For a scenario in which no replicates are available, the confidence interval cannot be determined at the dose level. However, the P value of the average synergy score of the whole dose–response matrix can still be derived by pooling the synergy scores together and then comparing them to zero. For both scenarios, we report the overall P values of synergy and the confidence intervals at the dose-specific level when replicates are available. We test the accuracy of the bootstrapping with the simulation (File S1) and show that the P values for synergy scores determined from bootstrap are highly correlated with the true P values (Figure S1).

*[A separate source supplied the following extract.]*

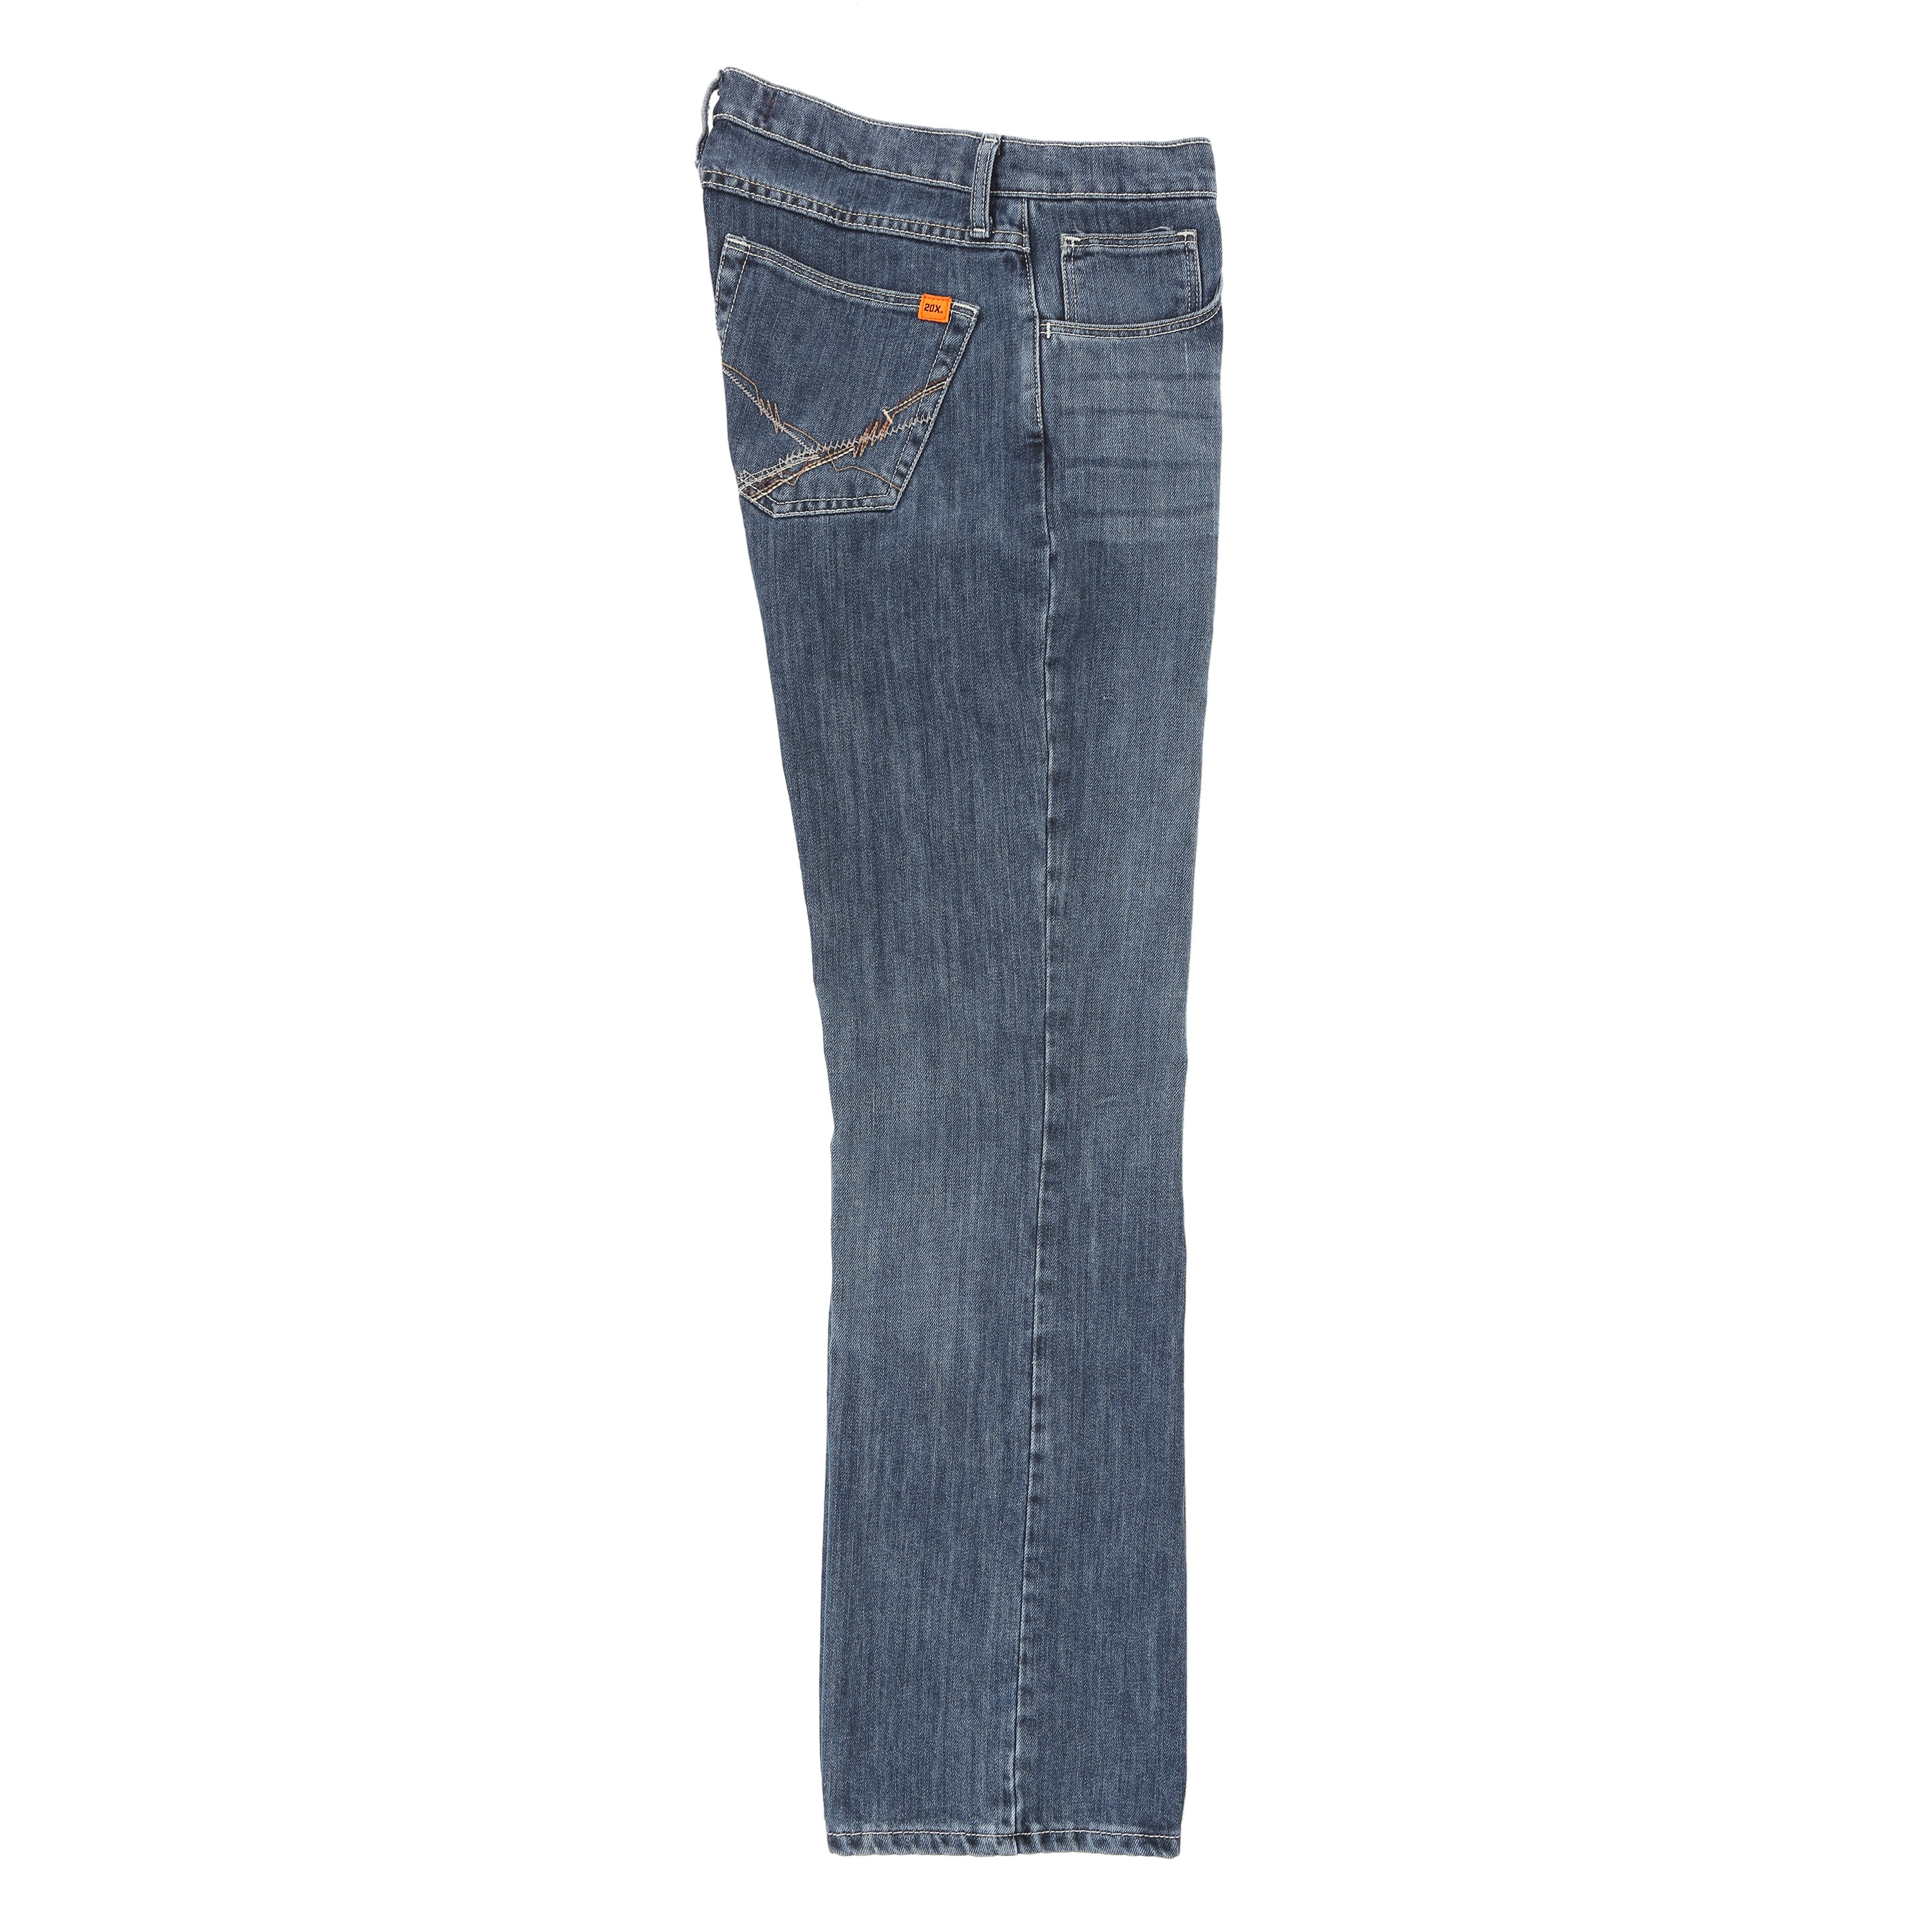 Wrangler FR Vintage Boot Cut Jean in Midstone

Harmonization of multiple synergy models

As the SynergyFinder R package provides four synergy models (i.e., HSA, BLISS, LOEWE, and ZIP) that differ in their null hypotheses of non-interaction, the synergy scores do not necessarily coincide with each other for a given dataset. To provide a more harmonized representation of the synergy score results, we introduce a novel tool to enable a more systematic comparison of the synergy scores. We leverage the implementation of the four models to derive the expected response of non-interaction (i.e., yHSA, yBLISS, yLOEWE, and yZIP). Because all the expected responses share the same unit as the observed response (i.e., % inhibition), we may utilize a synergy barometer to compare these values. The expected and observed responses for a given combination at a specific dose are positioned on the same scale. With such a tool as the synergy barometer, one can evaluate the degree of synergy of a specific model and easily understand the differences in the results. A strong synergy should be concluded if the observed response goes beyond the expected responses of all the four models.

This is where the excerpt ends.